Based on the accuracy we’ve get, we set different mutants to our sgRNA and use our model to predict its binding property to focus on the effect caused by mismatches in positional and quantitative degree. (Suppose the binding process is completely saturated, which means if the sgRNA won’t be off-target predicted by the model ,and it will hit the target gene. And vice versa.) The result is following:

Figure 4. The abscissa axis represents the amounts of mutants we gave to the sgRNA, and the vertical shows the binding probability. When the mutations happened on seed region, the off-target sgRNA is very high. And if the mutations happened on off-seed region, once the amounts of mismatches reached 3,the on-target rate dropped sharply.

Reference

[1] Misha Klein, Behrouz Eslami-Mossallam, Dylan Gonzalez Arroyo, Martin Depken. (2018). Hybridization Kinetics Explains CRISPR-Cas Off-Targeting Rules. Cell Reports 22, 1413-1423.

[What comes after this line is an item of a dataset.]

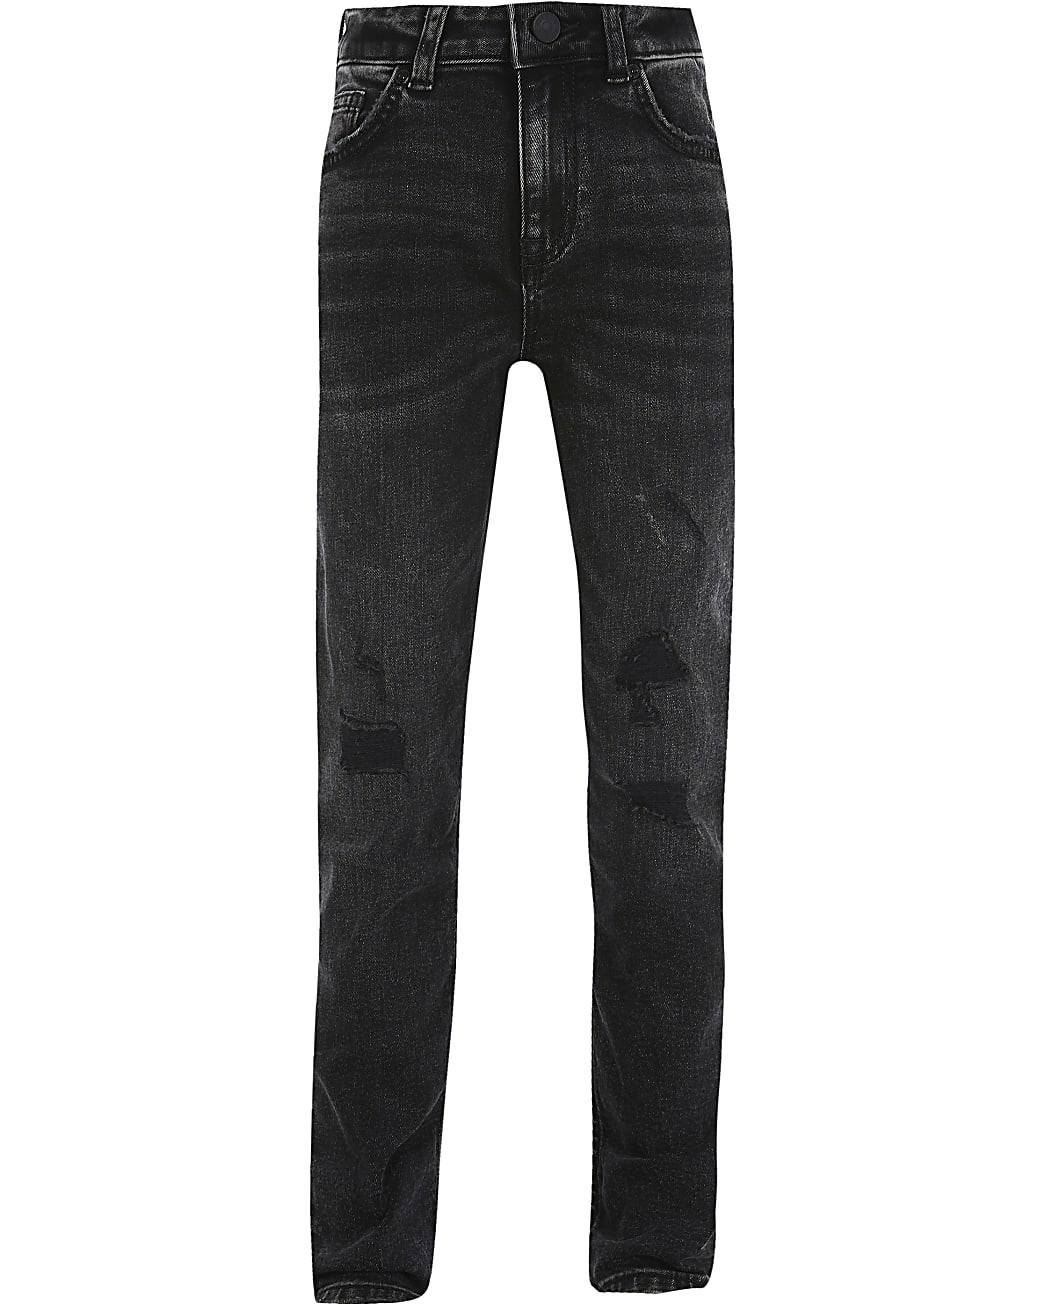 Boys black wash regular slim jeans

[2] Iman Farasat, Howard M. Salis. (2016). A Biophysical Model of CRISPR Cas9 Activity for Rational Design of Genome Editing and Gene Regulation. PLOS Computational Biology 12(1), e1004724. DOI: 10.1371/journal.pcbi.1004724.

[3] Evan A. Boyle, Johan O.L. Andreasson, Lauren M. Chircus, et al. (2017). High-throughput biochemical profiling reveals sequence determinants of dCas9 off-target binding and unbinding. PNAS, DOI: 10.1073/pnas.1700557114.

[4] Bikard, D., Jiang, W., Samai, P., Hochschild, A., Zhang, F., & Marraffini, L. A. (2013). Programmable repression and activation of bacterial gene expression using an engineered crispr-cas system. Nucleic Acids Research, 41(15), 7429-7437.